Friday, 29 March 2019

Film Review: AGALMATOPHILIA (2018)


AGALMATOPHILIA **** USA 2018 Dir: Jared Masters, Brittany Ballantyne. 72 mins

A beguilingly strange, largely improvised Hollywood-set oddity, centered around director Jared Masters’ workaholic desk clerk, whose office space in this unspecified time frame is sparsely decorated with rotary phones, manual typewriters and old television sets. He’s an obsessive-compulsive paranoiac stimulated by numbers and taking sixteen different psychoactive, experimental drugs. His 728 page “Standardised Book for Secretaries” is put to good use when a mannequin (co-director Ballantyne, providing the voice while often simultaneously operating the camera) applies for a secretary job, promising she can bring realistic thought principles to the role.
Bedecked in flamboyant fashions and make-up, Masters makes for a fabulous misfit hero – and the movie, like the John Waters films that prove a prominent influence, has genuine affection for his assorted quirks, including very specific hand washing procedures.

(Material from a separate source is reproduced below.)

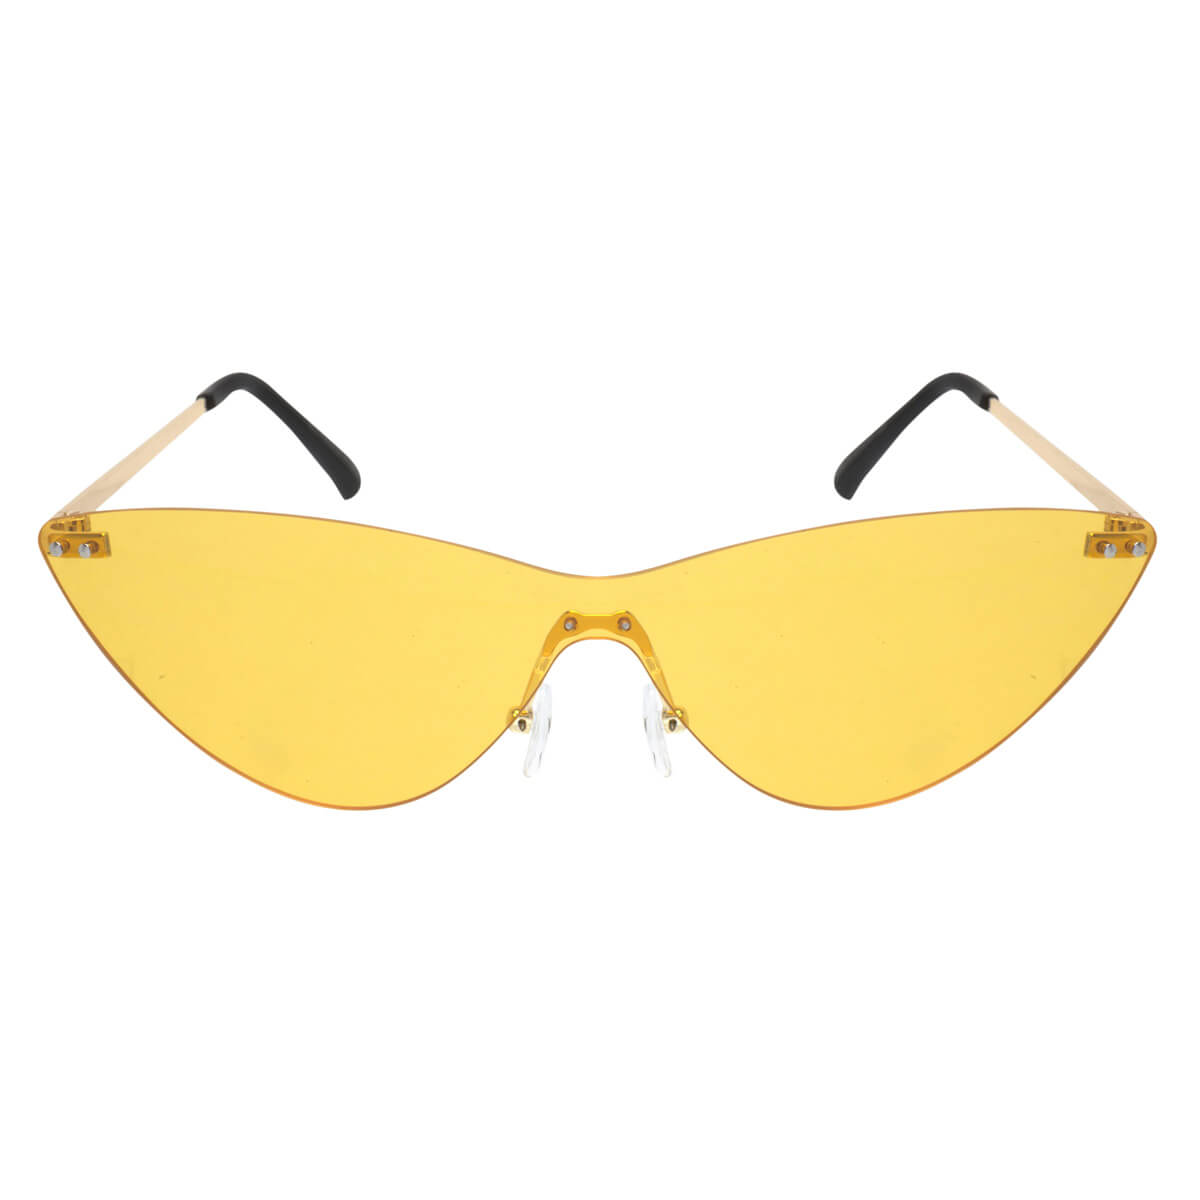 Catlike single lens sunglasses

Ballantyne doubles up as Masters’ female client, a horny young woman having an affair with a jealous lamp (“You’re so uptight!”). The film’s deliberately over-extended individual scenes and various non-sequiturs echo THE GREASY STRANGLER, though it isn’t interested in the grosser, cruder indulgences of that equally loveable movie. Instead, Masters and Ballantyne punctuate the oddball relationship stuff with disarming musical interludes, melding the stylings of Cole Porter with bands like Umbrella Jamboree via strangely touching songs containing appropriate refrains like “What does it all mean?” This movie also has cinema’s finest ever lamp-human sex scene and quote-worthy dialogue galore: “Look at us – we’re young professionals eating salads!”

Review by Steven West





1 comment:

  1. Wow, I really love this review. I also enjoyed this film, but your review made me appreciate the finer details even more ("Cinema's finest ever lamp-human sex scene")! I also Loved your references to John Waters, Cole Porter (sadly forgotten by many of the younger folks), and also "The Greasy Strangler." Now I'll have to go check out "The Greasy Strangler"! Thank you for your awesome and insightful review!